Sunday, November 19, 2006

incorruptible, got it?

There's an interesting thread going on over at the MetauxCafe litblog. It's been addressed before, but the question is:
To what degree do bloggers compromise themselves by accepting free books for review from publishers? Are they now inevitably predisposed to mention it positively or provide a good review, or can any blogger worth their salt be trusted to ever by impartial once ARC's or review copies from publishers become part of the mix?
Good points from all sides, but the consensus is that most bloggers have larger lives to navigate and larger ethical concerns to fret over. Says Condalmo (fine site by the way)
"I'm not here to make money or get free books; I'm here because I live in East Bum and this is the closest I'll get to being part of a well-read community, with lively discussions and thoughts about books. Don't get me wrong, I enjoy free books, but sending me a book guarantees neither a review, nor a positive review. Nor even a mention - there's just too many books, and this blog isn't my full-time job. I work, I parent. "
There are blogs that are longstanding and going concerns and may even be a primary income source, but outfits like Sarah's and Jessa's very likely got where they are by being on pretty solid ground ethically.

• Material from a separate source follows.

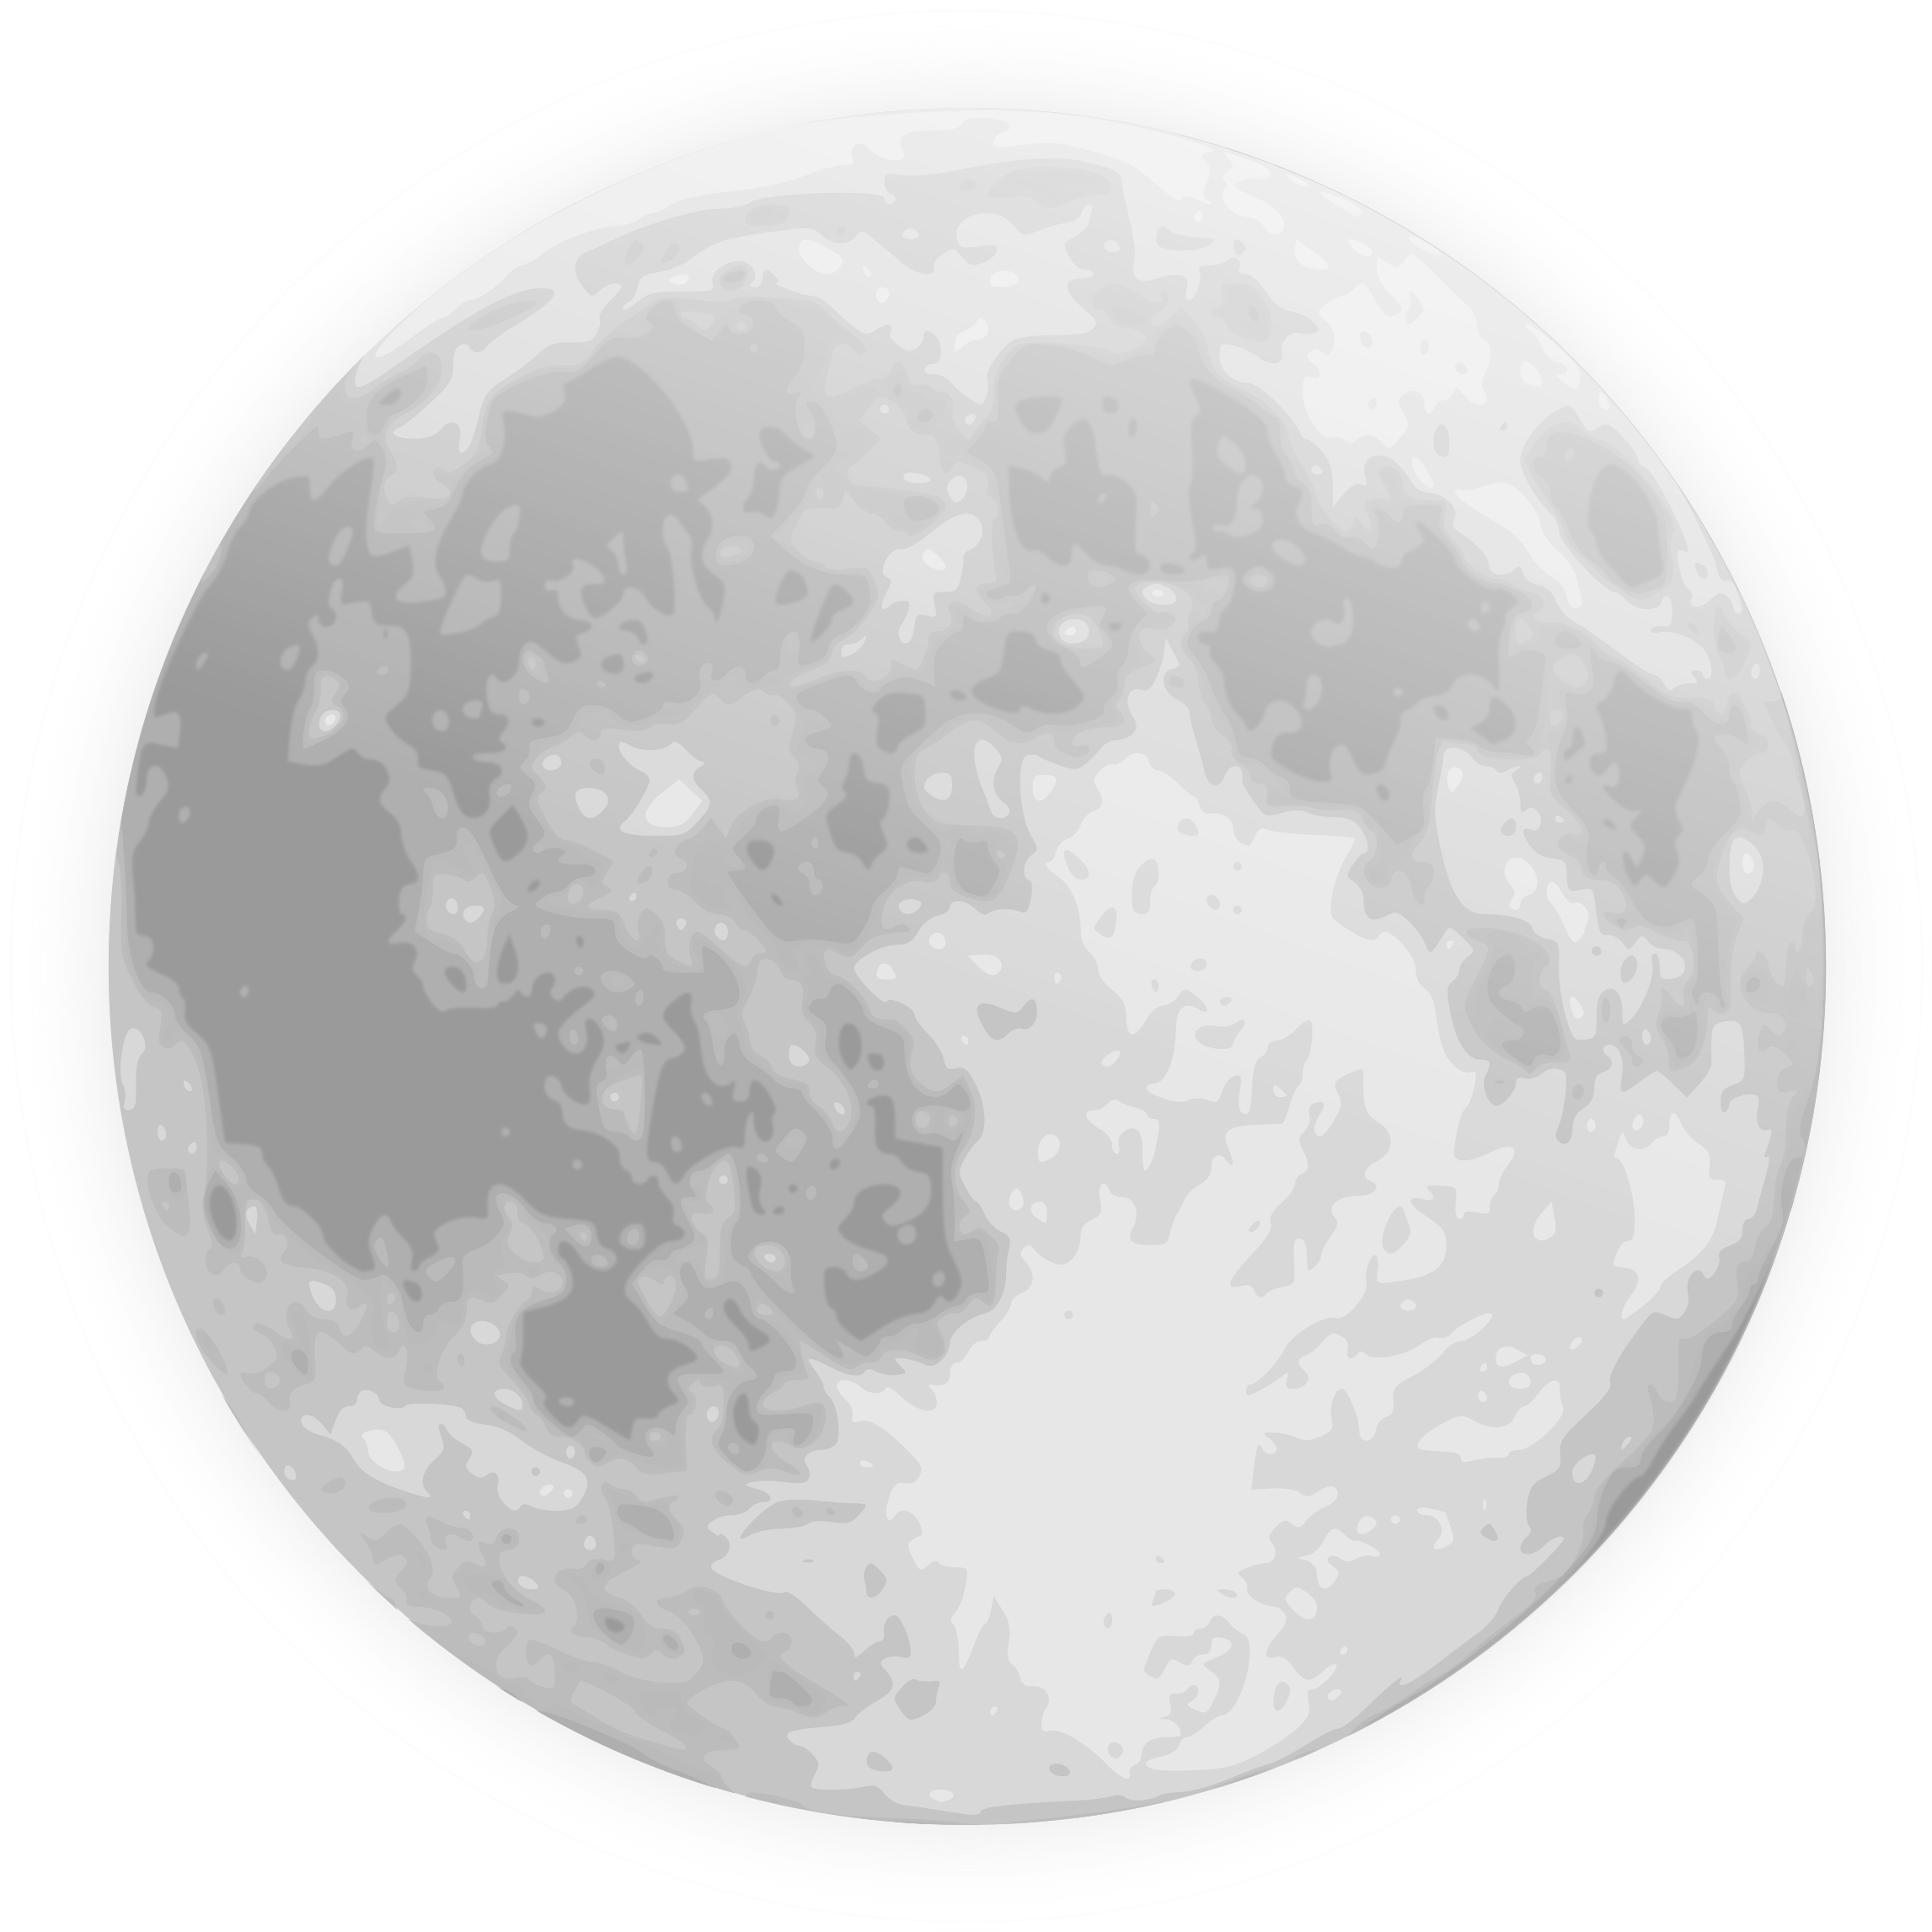 Download Jpg Transparent Images Free Download - Moon Png ...

I also share the general contention of the comments that follow that readers are generally savvy enough to suss out who they'll seek out as authors and/or reviewers.
The impetus from all this came from Simon & Schuster, the U.S publisher of Diane Setterfield's Thirteenth Tale, a monster bestseller with much co-operative ads from chain stores and good word of mouth from independents. (read it, not bad, a bit long, better than average first book)
S&S sent out the following to select bloggers in the U.S that read,
"Because you’ve done such a great job reviewing and promoting Simon & Schuster and Atria’s books in the past, I’d like to offer you an exciting and unique opportunity. Simply promote The Thirteenth Tale by Diane Setterfield in your blog, and you could be eligible to win a $100 American Express Gift Check and a library of Atria Books titles."
Not much to get excited about given bigger conflicts of interest out there in the good old world, but it seems fairly straightforward for even flyweight bloggers such as us to trade on our integrity by stating a few things up front.
Bookstores, even plucky independents like ours are lousy with review copies and promo material. However, most of my miserable screeds come from existing stock or titles in my home. I'm also rife with re-enforced preferences:
I don't care for historical novels, the eighteenth century and back isn't my drink of choice.
Every novel out of Canada's East coast reads the same to me. I'm content to call it a weakness on my part and just not explore it much further.
The Prairies are flat and boring and novels set in the Prairies are well...
A better than average short story gets more love than a better than average novel.
Crime fiction is where the favourite hand selling takes place.
Books from this outfit are better thank books from well, anywhere else.
American heavyweight fiction is better than Canadian heavyweight fiction, but second tier Canadian stuff is very good and getting a lot better very quickly. The future of the country's writers, if not the country is plenty bright.